What did happen this week is — in many ways — more important to more golfers than all that. The new World Handicap System went into effect.

A five-day blackout throughout the U.S. for posting scores came to an end on Monday following the updating of computer systems world-wide. Players who have their handicaps computed now have different numbers to use in competition.

CDGA executive director Robert Markionni was part of the 25-member committee that spent four years creating the World Handicap System.
My handicap climbed a half-stroke in the transition, and locally the change will affect 80,000 players in Illinois and parts of Indiana, Wisconsin and Michigan who have their handicaps computed by the Chicago District Golf Association. The CDGA has been computing handicaps since the 1930s, but the way of doing it is different now.

Robert Markionni, the executive director of the CDGA, was on the 25-member committee that implemented the transition to the World Handicap System.

“It was about four years worth of work, but a privilege to sit in on this committee and see how the world came together,’’ said Markionni. “The handicapping system was the last aspect of golf to be globally administered.’’

Golf is a global game, and the various organizers had already dealt with alterations to the Rules of Golf and requirements for amateur standing. Six different associations, however, had their own methods for handicapping the players who form the bulk of the game’s participants. Now the associations are operating under the same set of guidelines.

Here are the major ways the new handicap system will affect the most serious Chicago golfers:

The maximum score accepted on a hole for handicap purposes is now net double bogey, regardless of ability. In the past some players (me included) could post a triple bogey.

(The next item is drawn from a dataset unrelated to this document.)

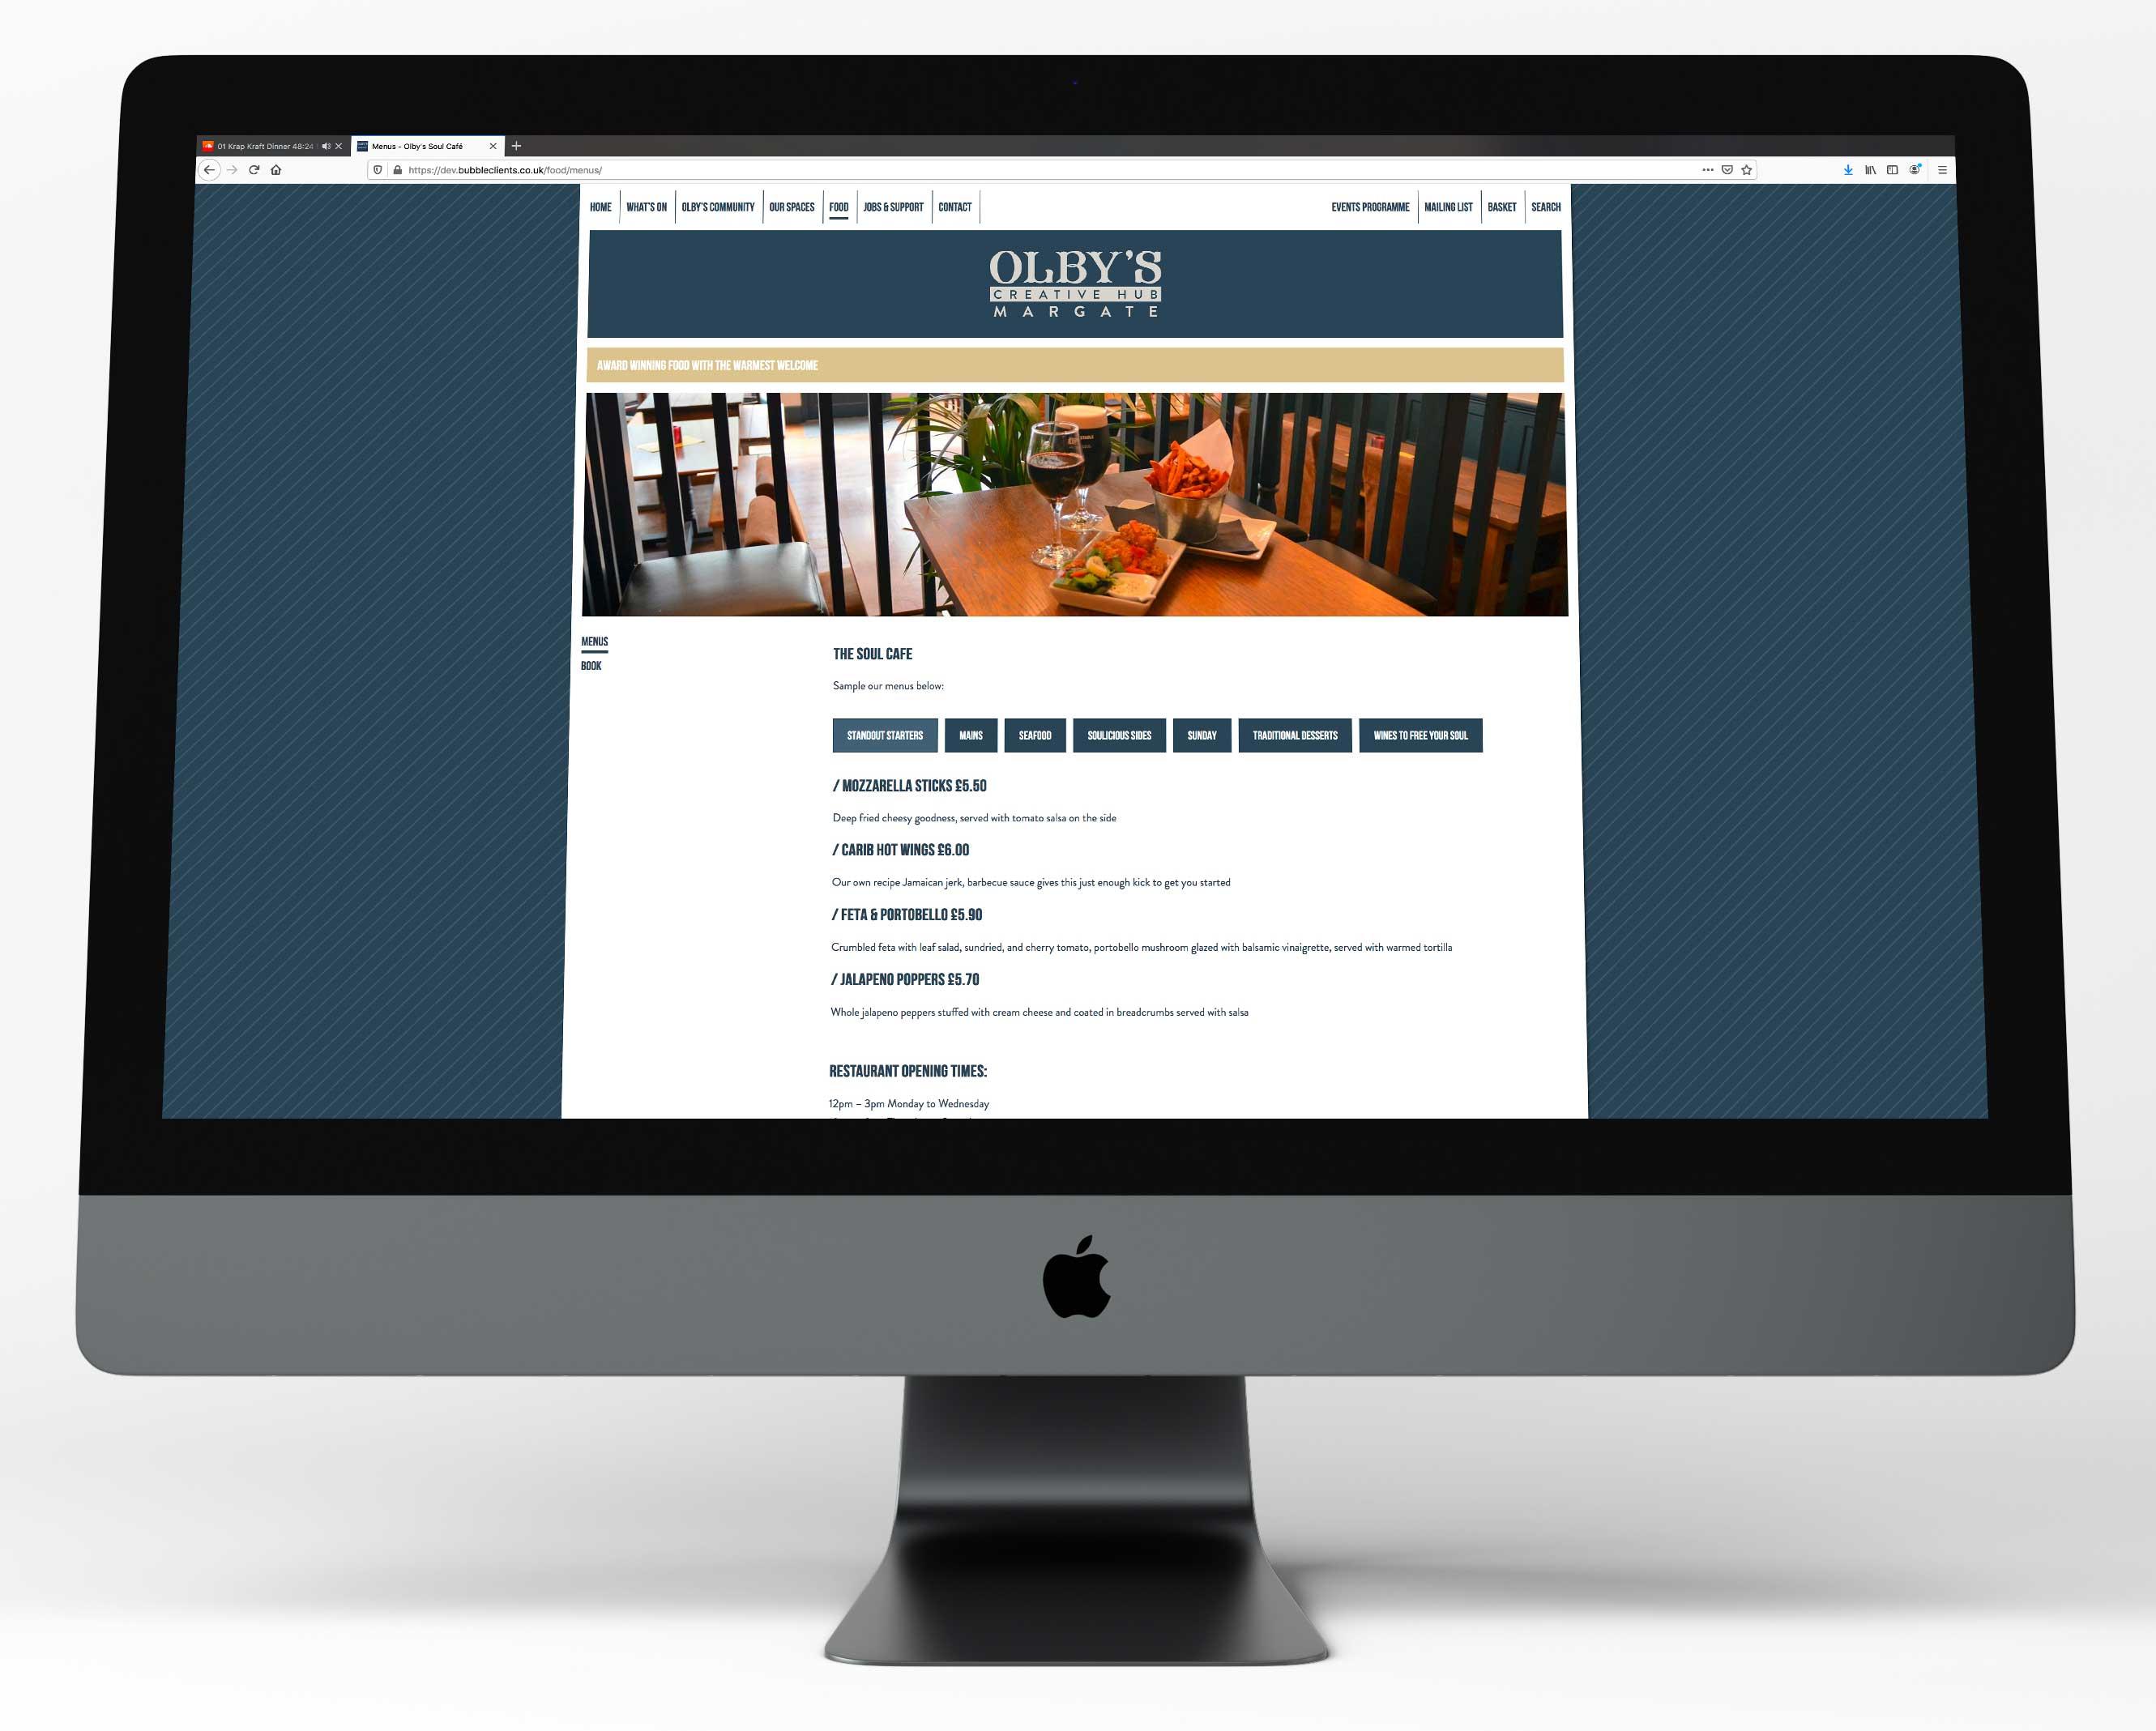 Olbys website - food

For high handicap players this would seem to make a major difference, but Markionni downplays that.

“When all the research was done by a bunch of PhDs who calculated all this stuff the reality was that it probably will have little effect,’’ said Markionni.

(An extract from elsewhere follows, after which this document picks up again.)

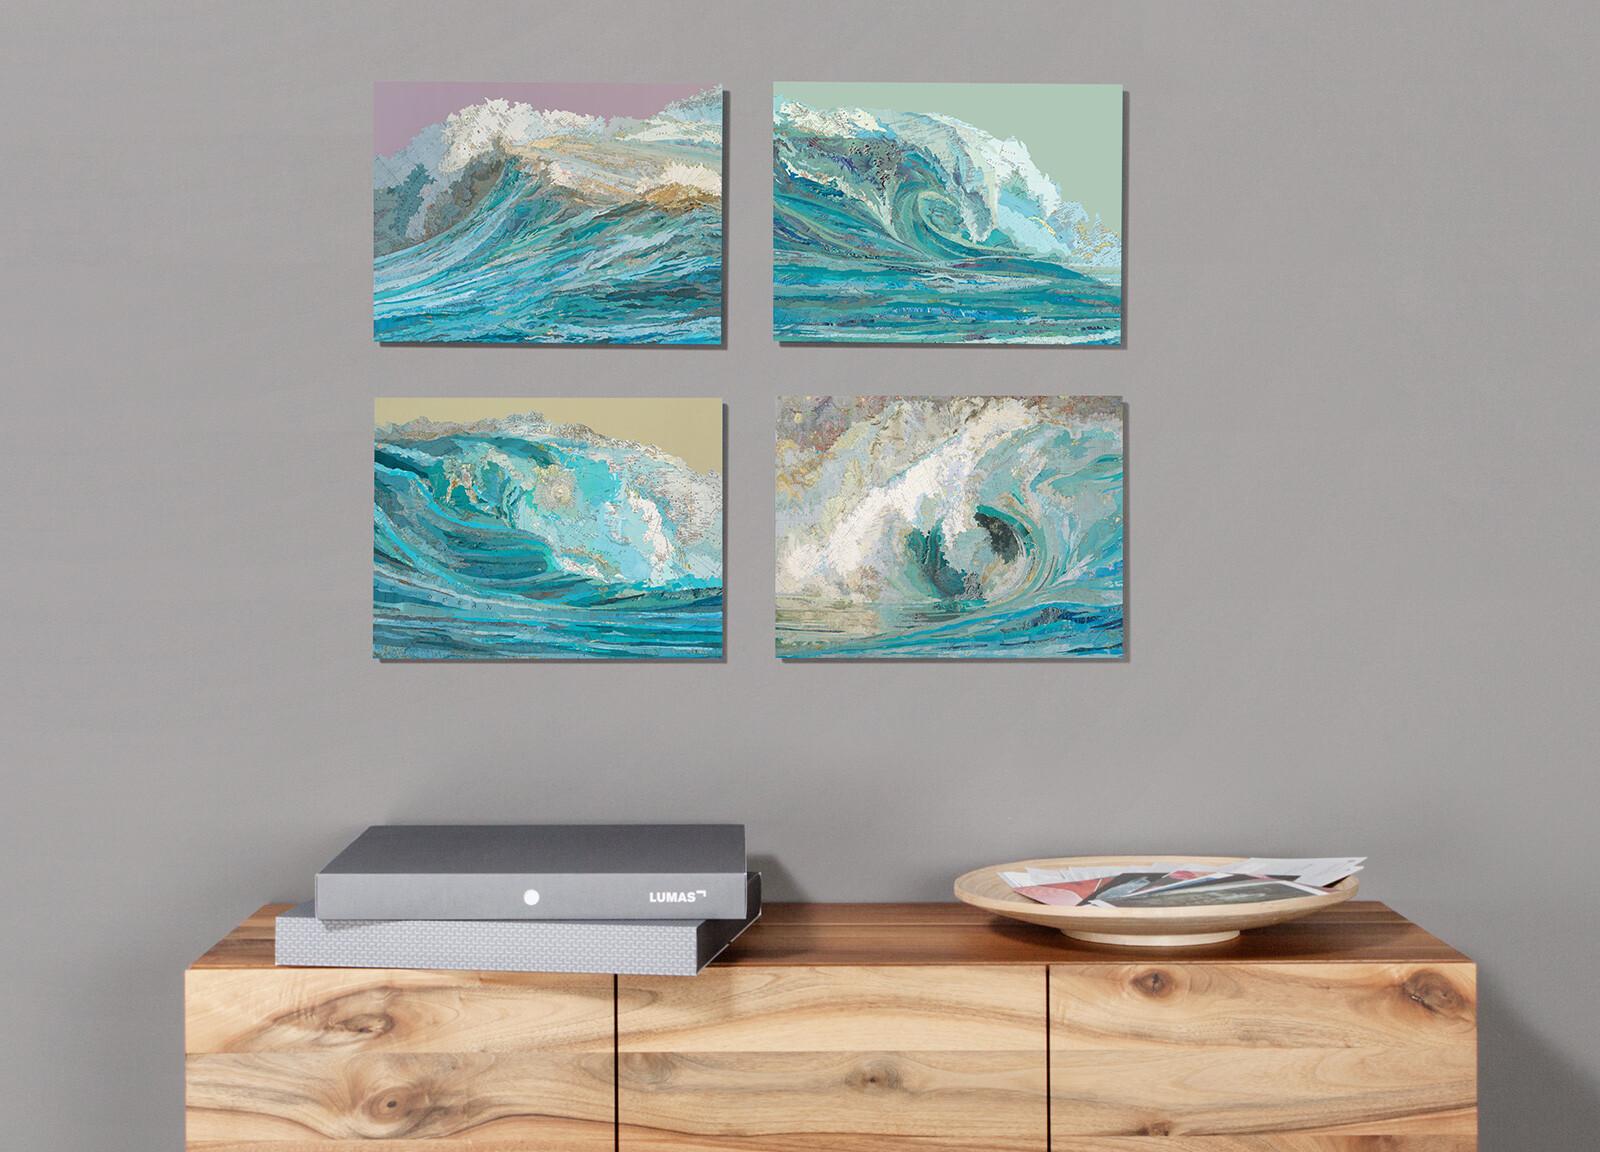 Fiona's Wave - Matthew Cusick

Handicaps will be posted on a daily basis instead of the every-two-weeks system the CDGA had been using, and it’s doubly important for players to post scores on the day they play rather than wait a day or two.

“Computers will now calculate playing conditions into the handicapping process,’’ said Markionni. “This is new to the U.S, but not new in other parts of the world. It’ll intrigue people.’’

Post late and a player’s score won’t reflect the playing conditions on the day he played his round.

Eight rounds, instead of the previous 10, will be used to calculate a handicap and a cap will go into effect to determine how high a handicap index can climb in a 12-month period. A soft cap is three shots and a hard cap is five.

There is no need for American courses to be re-rated, as the World Handicap System adopted the course rating system that has been used in the U.S. for many years.

“The important thing is that it’s good for the game,’’ said Markionni. “I’m not sure it will have a huge impact, but it brings consistency. We will all play under the same rules.